Happy 7 months of Breastfeeding Ryker-29!
It was weird this time around. First of all while pregnant I wasn't looking forward to breastfeeding Ryker. I wasn't an ignorant soul like I was with Aylen. I knew the commitment, the pressure, and the pain! I knew that it meant 1 WHOLE year of pumping, constantly calculating ounces, comparing intakes and outtakes, building stashes and watching them deplete, passing on Girl Weekends or trips away from Ryker, figuring out when to pump at work, labeling milk baggies, crying over spilt milk, and ALL night long buffets.
But what I didn't take into account when I was busy stressing over this impending task was the ability to excuse myself to gain some private time with my baby, watch him look up at me and smile and giggle, the joy of putting him on a scale and see his weight climb and know that it was ALL ME that made this boy grow, the ability to reconnect after a work day together in the most special way possible, and amazing cuddle and nap time together.
I somehow let the stressors take over the space in my head.
And then Ryker came.
And everything changed in my head.
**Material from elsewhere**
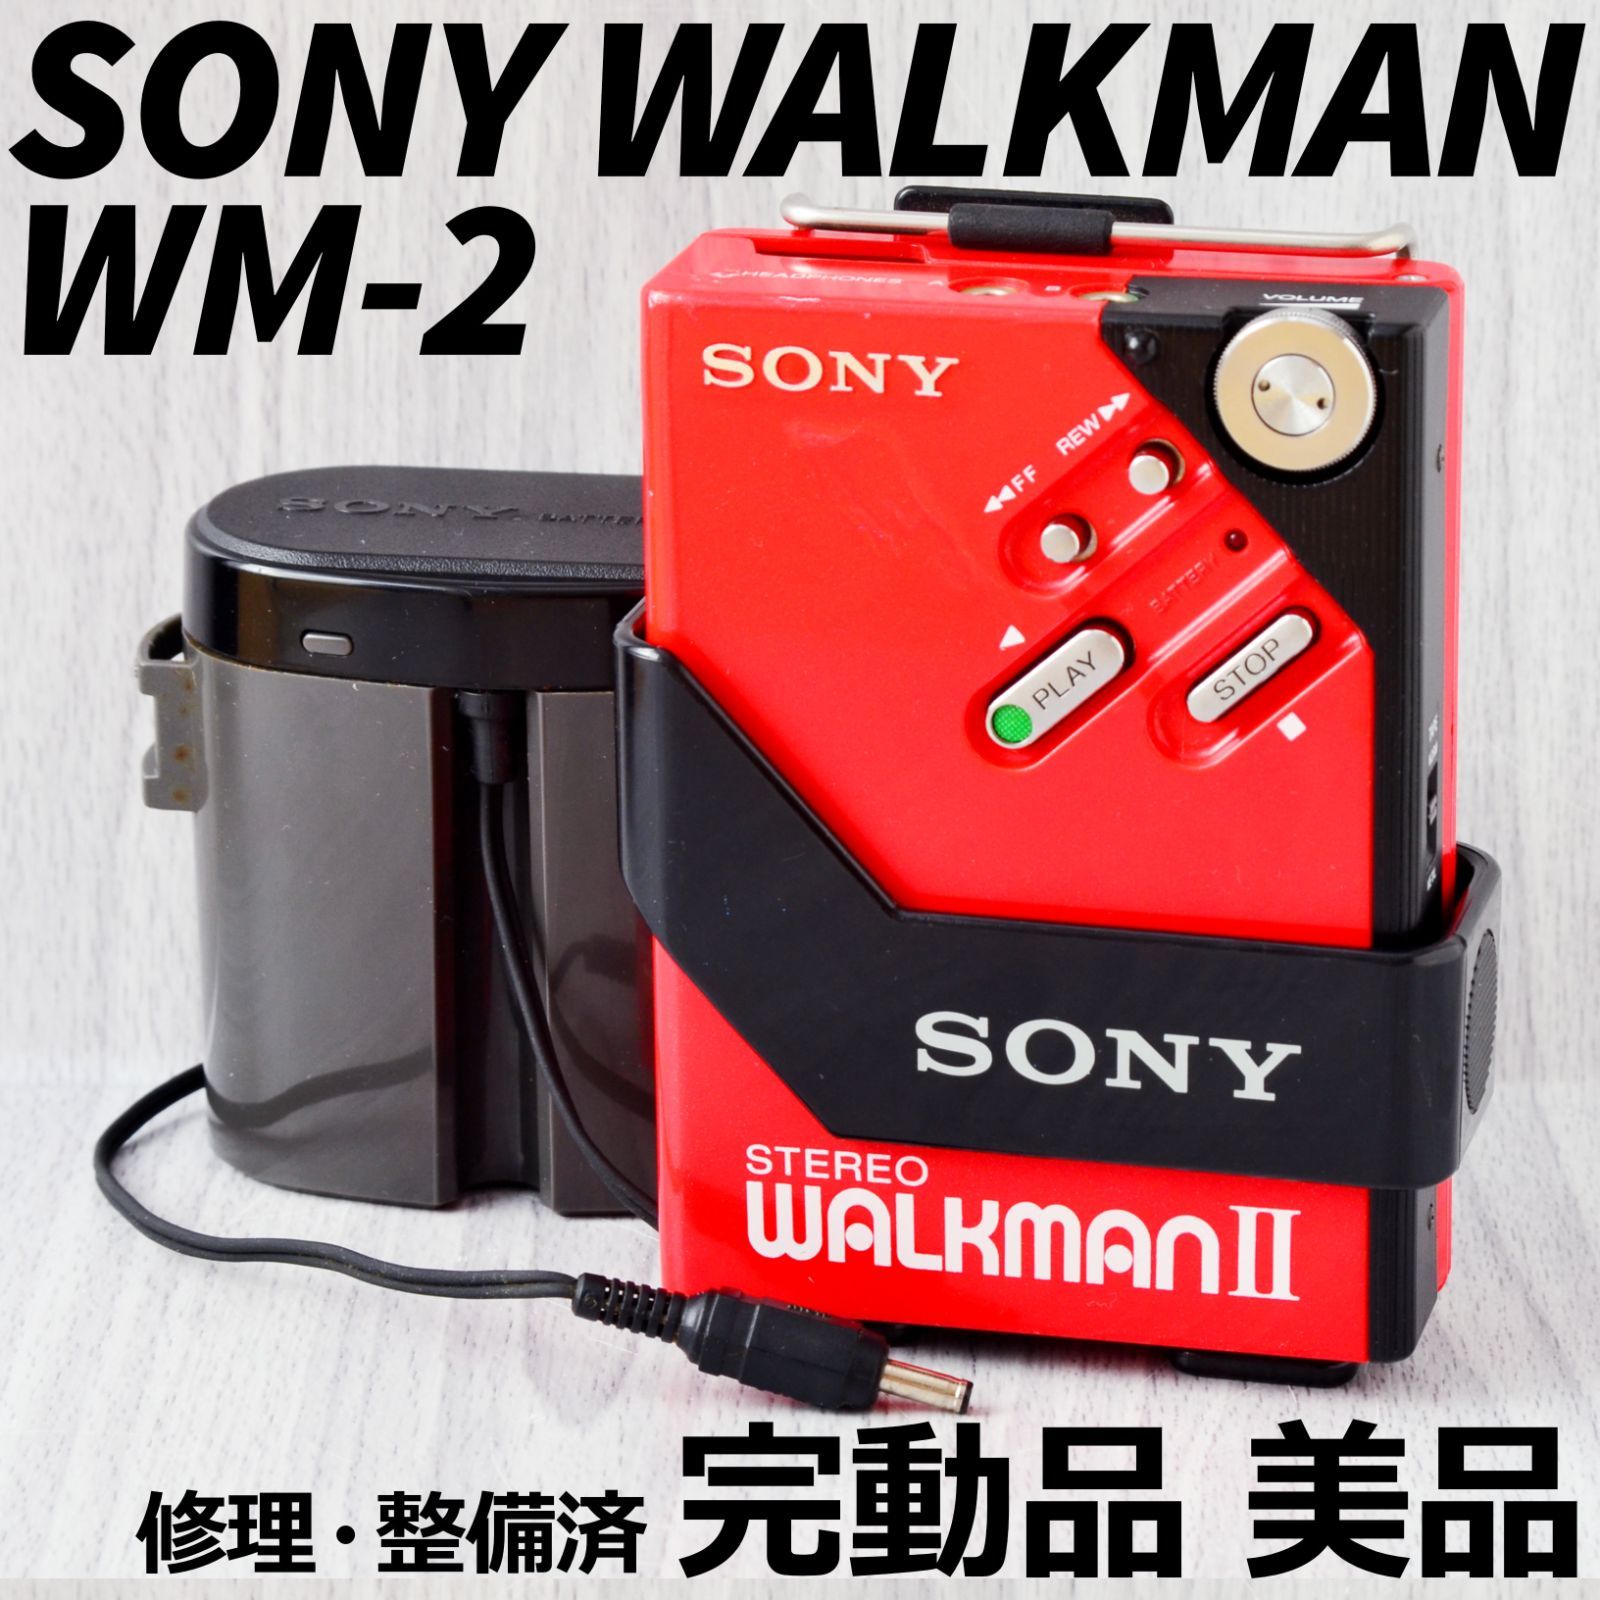 SONY WALKMAN2 ソニー ウォークマン カセットプレーヤー カセット

On Day 2(or what is 3?) Ryker had to go to the hospital to spend the night due to high Billirubin. The answer for that whole hospital visit was NURSING. Nurse to make the pain of needle pokes feel better, nurse to help the body eliminate the high Billirubin levels, and nurse to make sure Ryker knew his Momma was there.
From the moment I saw Ryker I had no issue with nursing him. The second time around was physically so much easier. And when I returned to work, I started the dreading pumping. Honestly, though...I welcomed the break from my emotionally saturated work. I got really good at nursing while I drove my place to place. And of course I experienced the stress that was COMPLETELY self-imposed of--Am I producing enough? Am I pumping enough?
But honestly it's been good. Really good. And I wouldn't change it for the world.